### Exercise goal
Pictures are to be dropped from the copy. Retype the listing exactly.

### Data

───

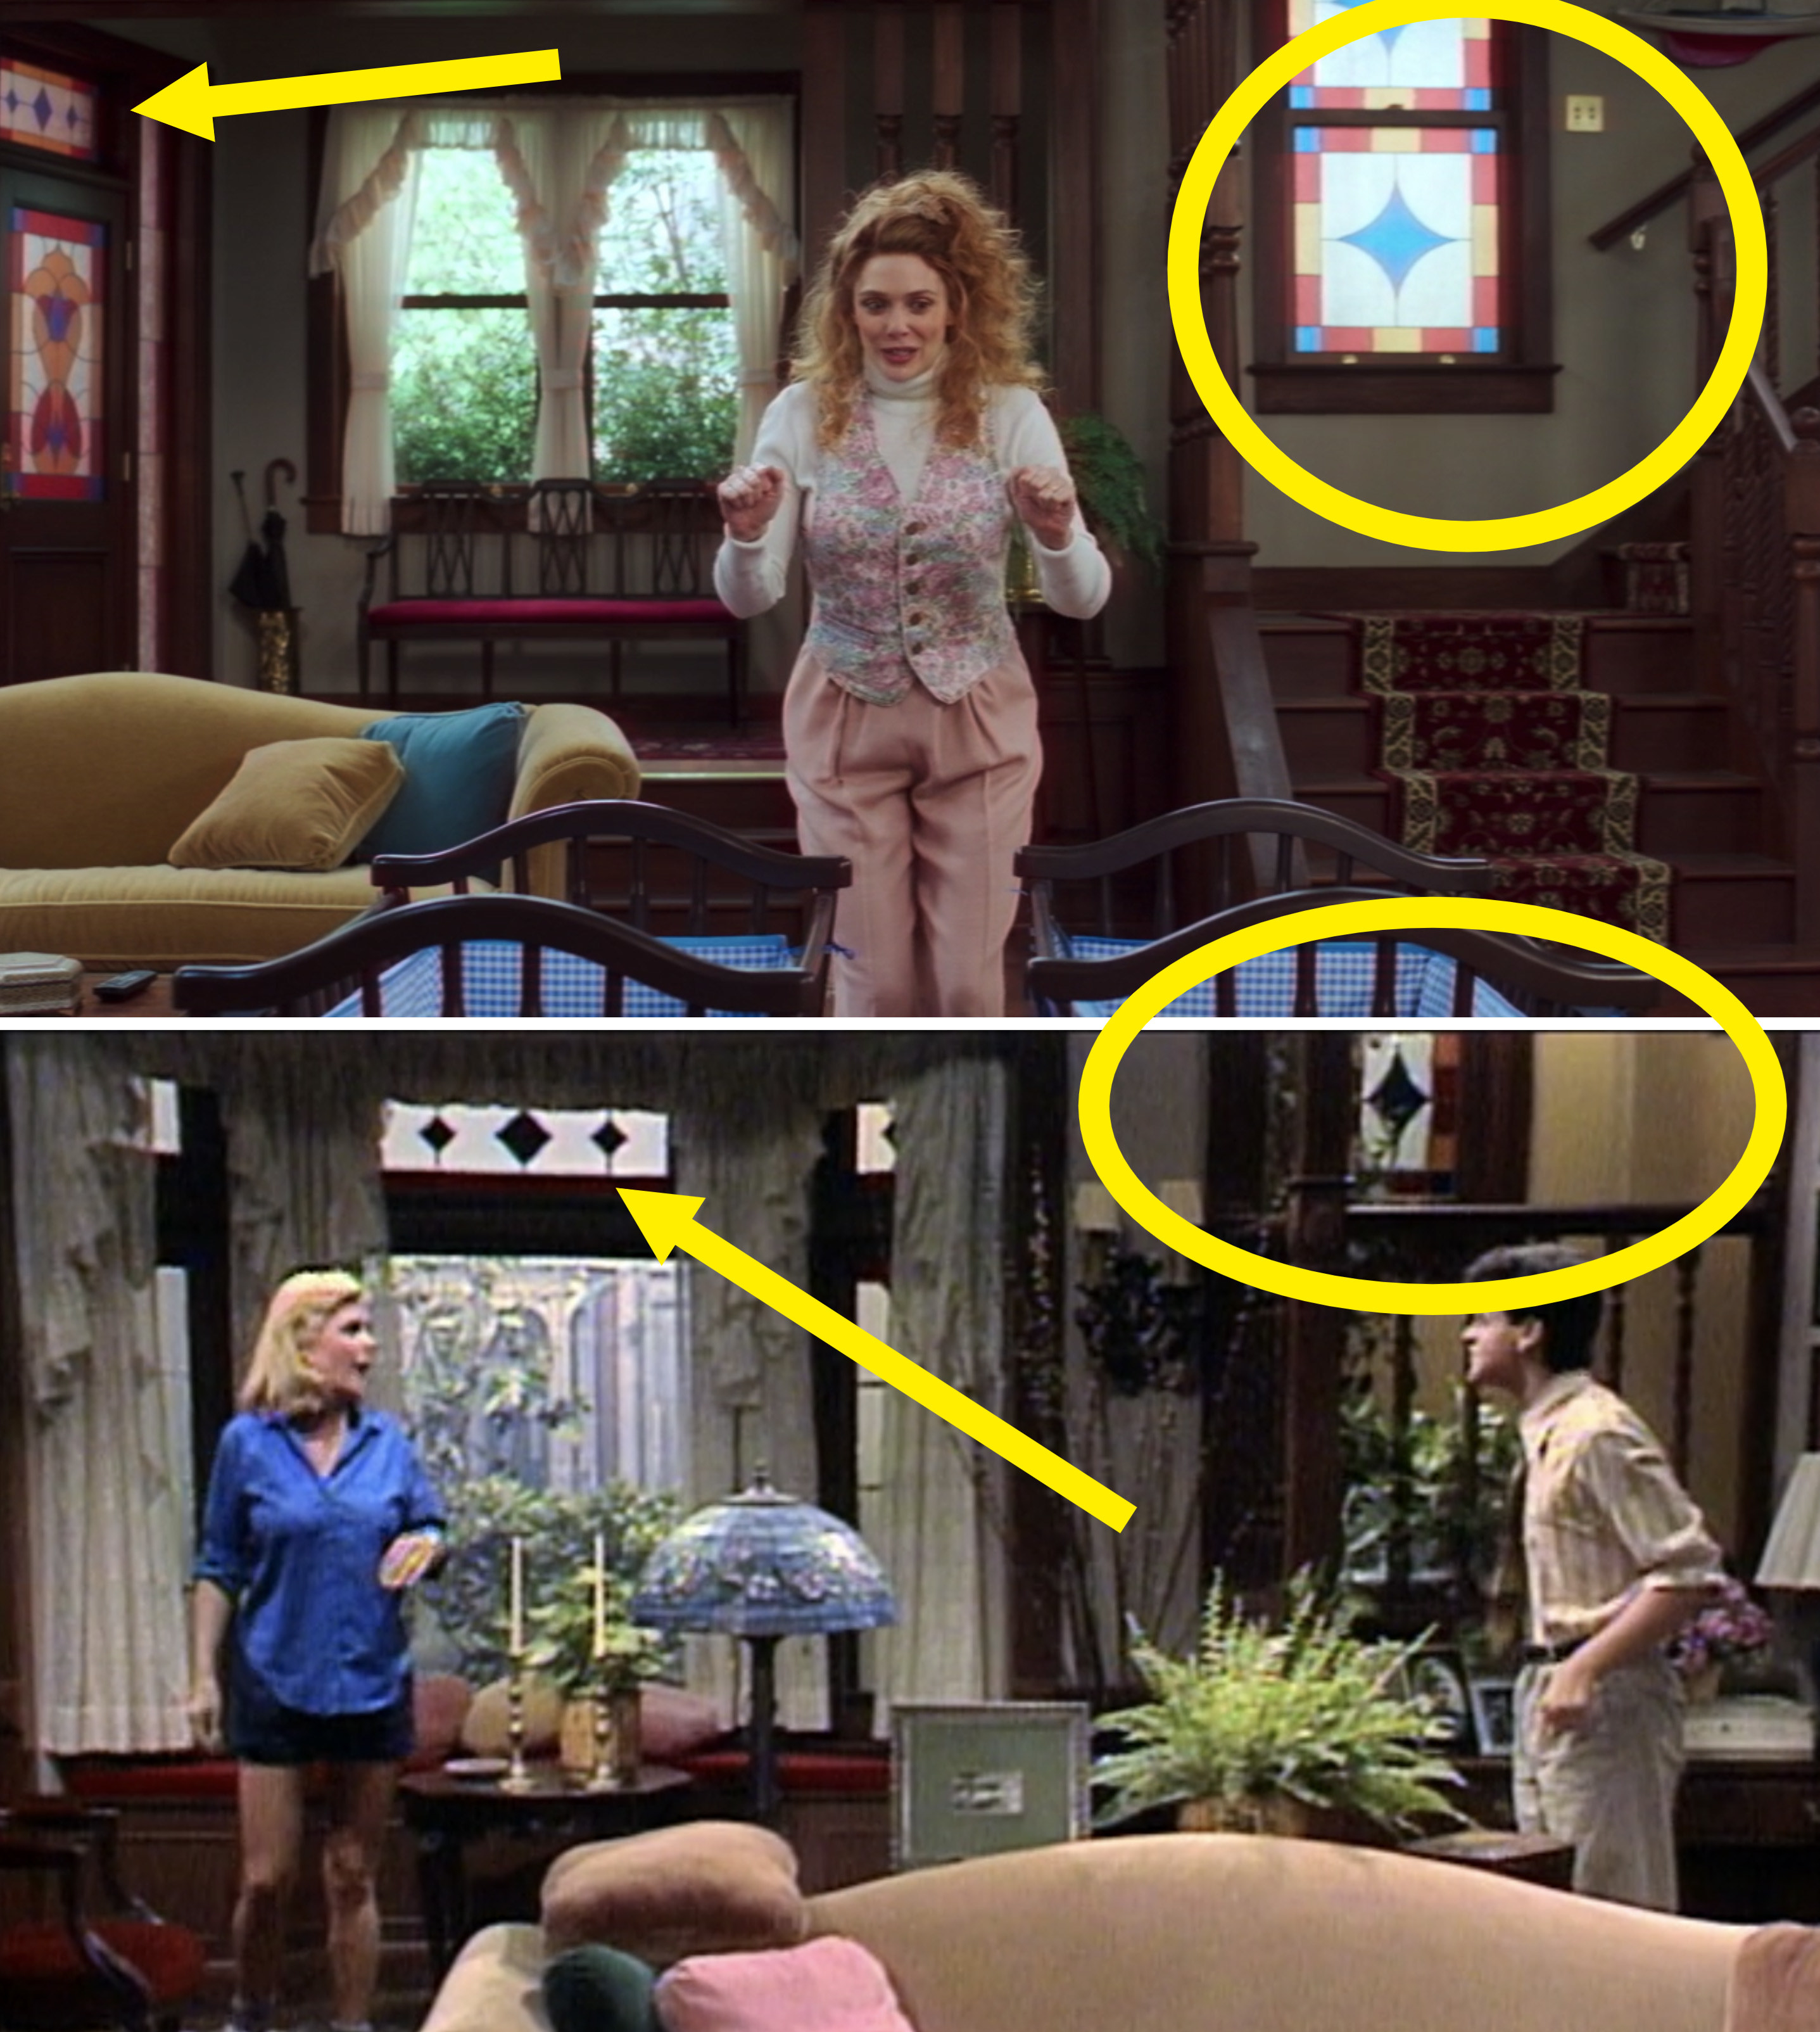 Circles and arrows pointing out the stained glass near the stairs and above the door in WandaVision vs. the stained glass near the stairs and above a window in Family Ties
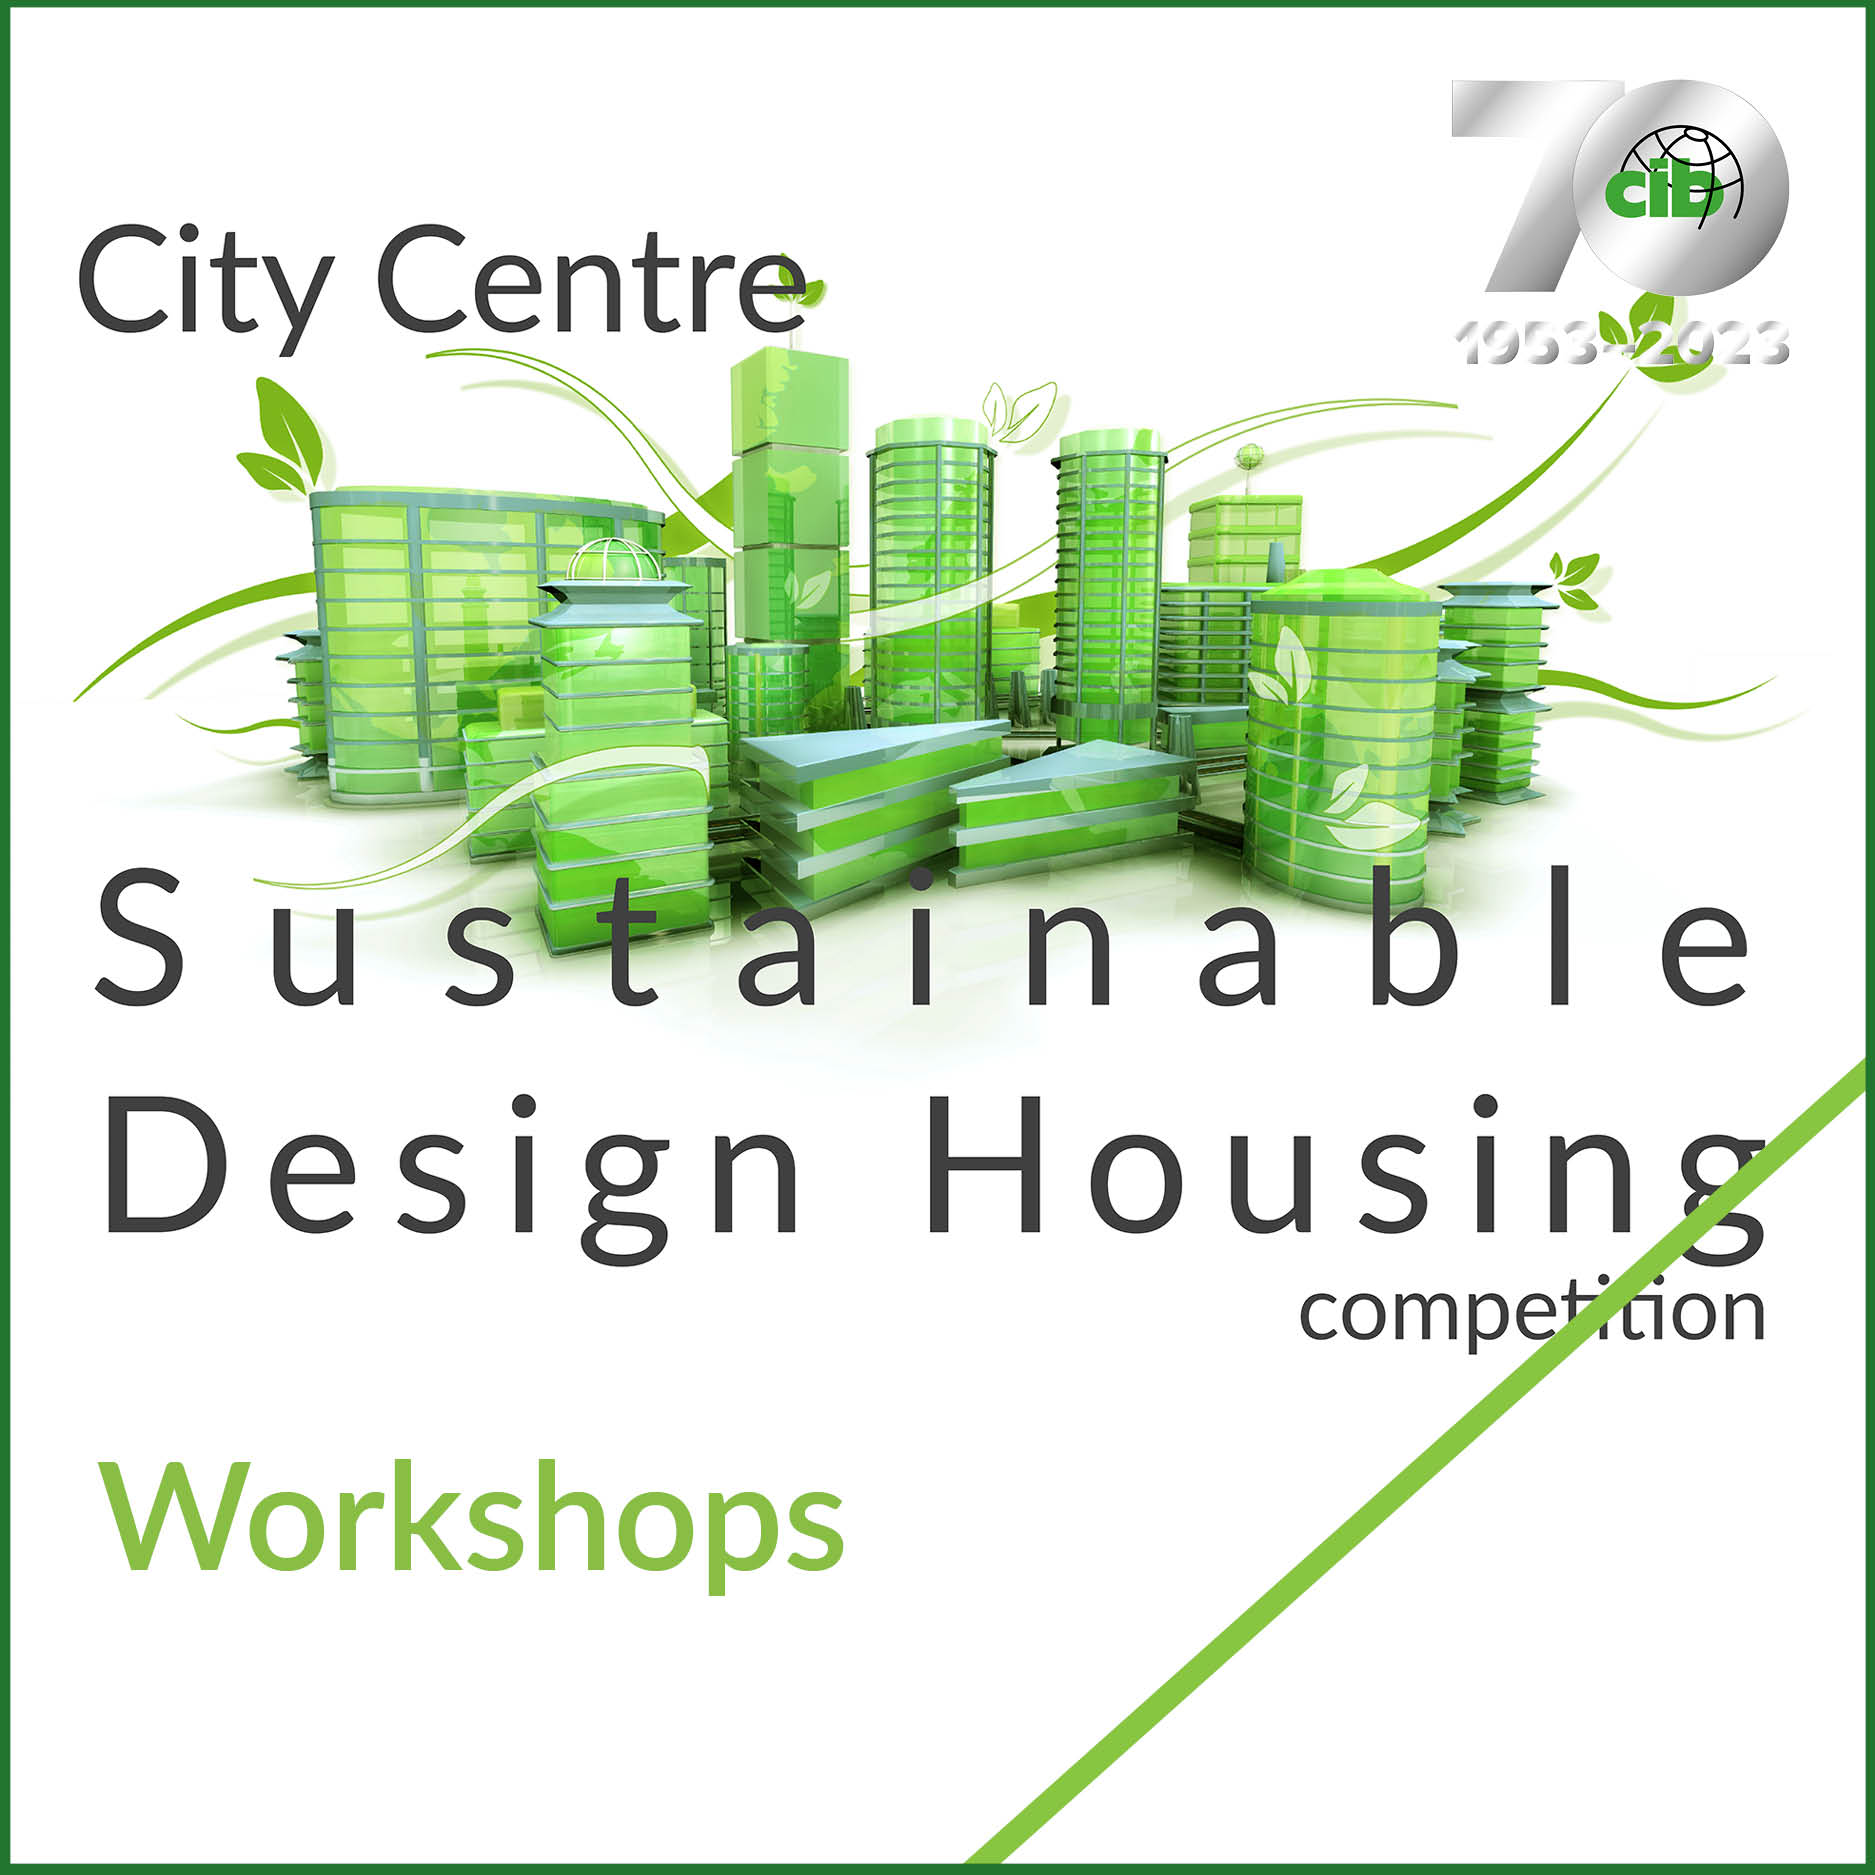 City Centre Sustainable Design Housing competition workshops
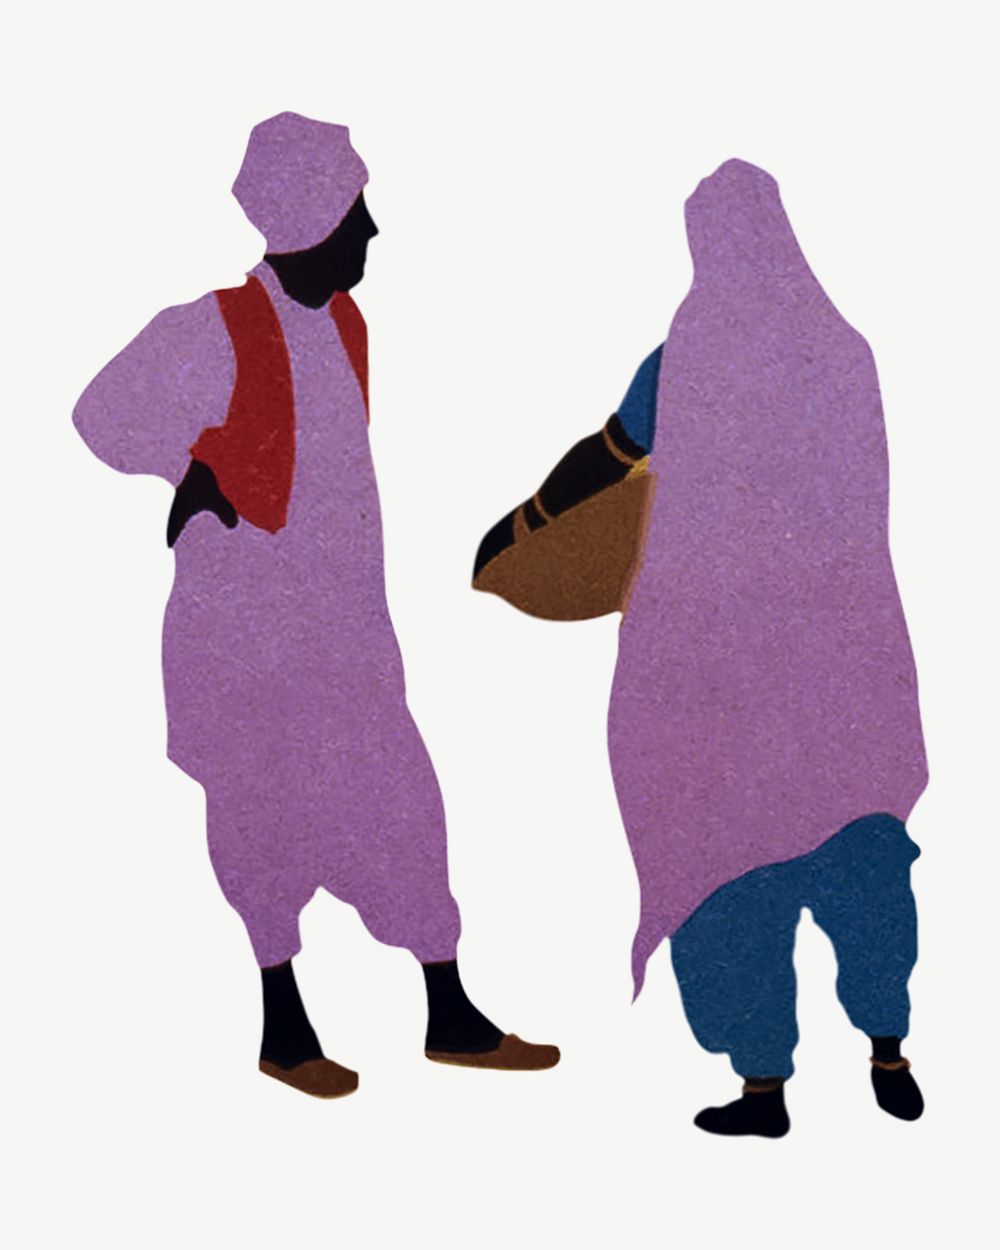 Man & woman in Indian robe silhouette psd. Remixed by rawpixel.
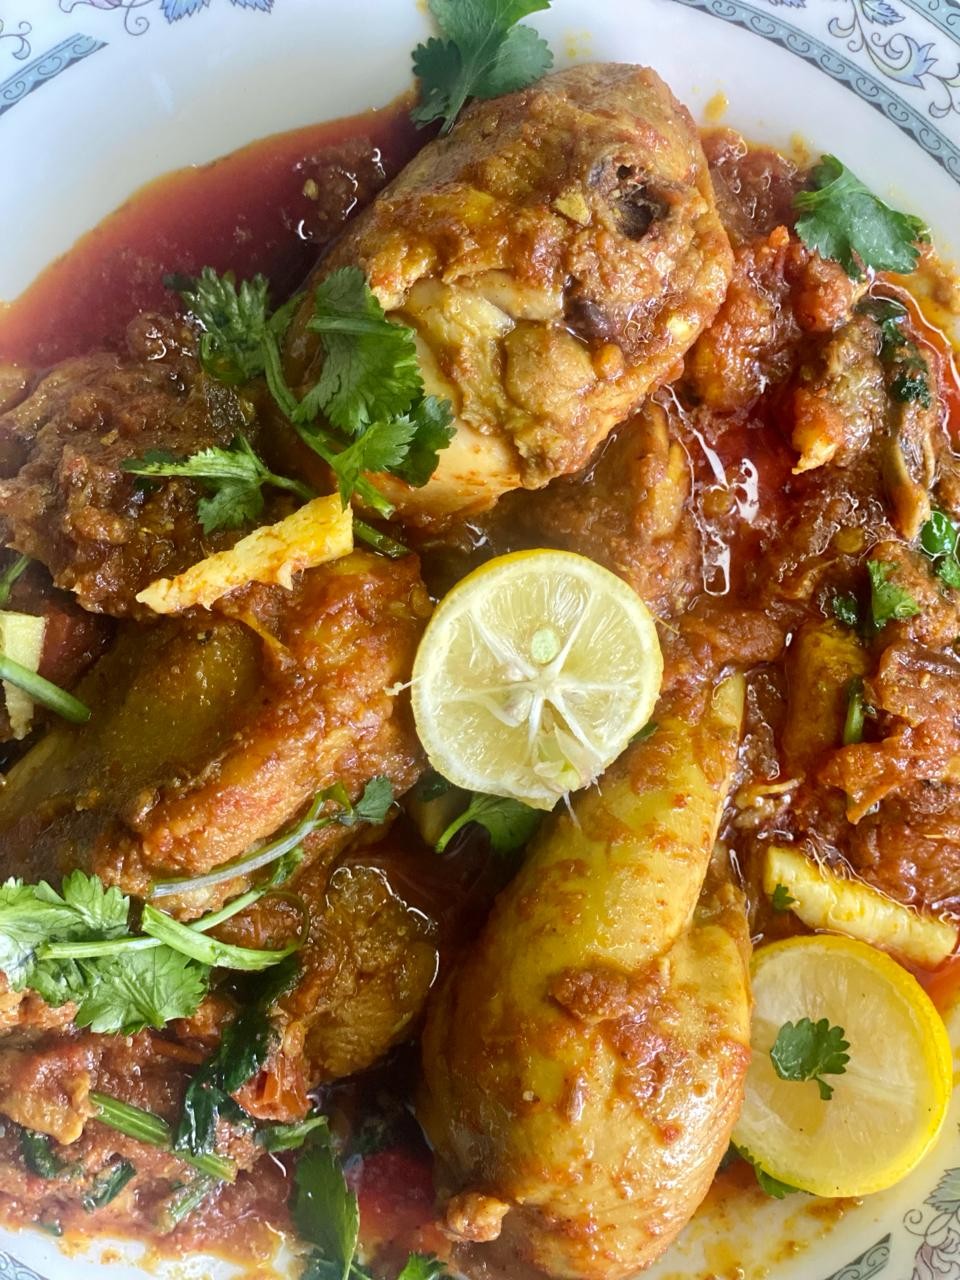 More About Chicken Karahi?

───

### Written answer
 Circles and arrows pointing out the stained glass near the stairs and above the door in WandaVision vs. the stained glass near the stairs and above a window in Family Ties
 City Centre Sustainable Design Housing competition workshops
 Man & woman in Indian robe silhouette psd. Remixed by rawpixel.
 More About Chicken Karahi?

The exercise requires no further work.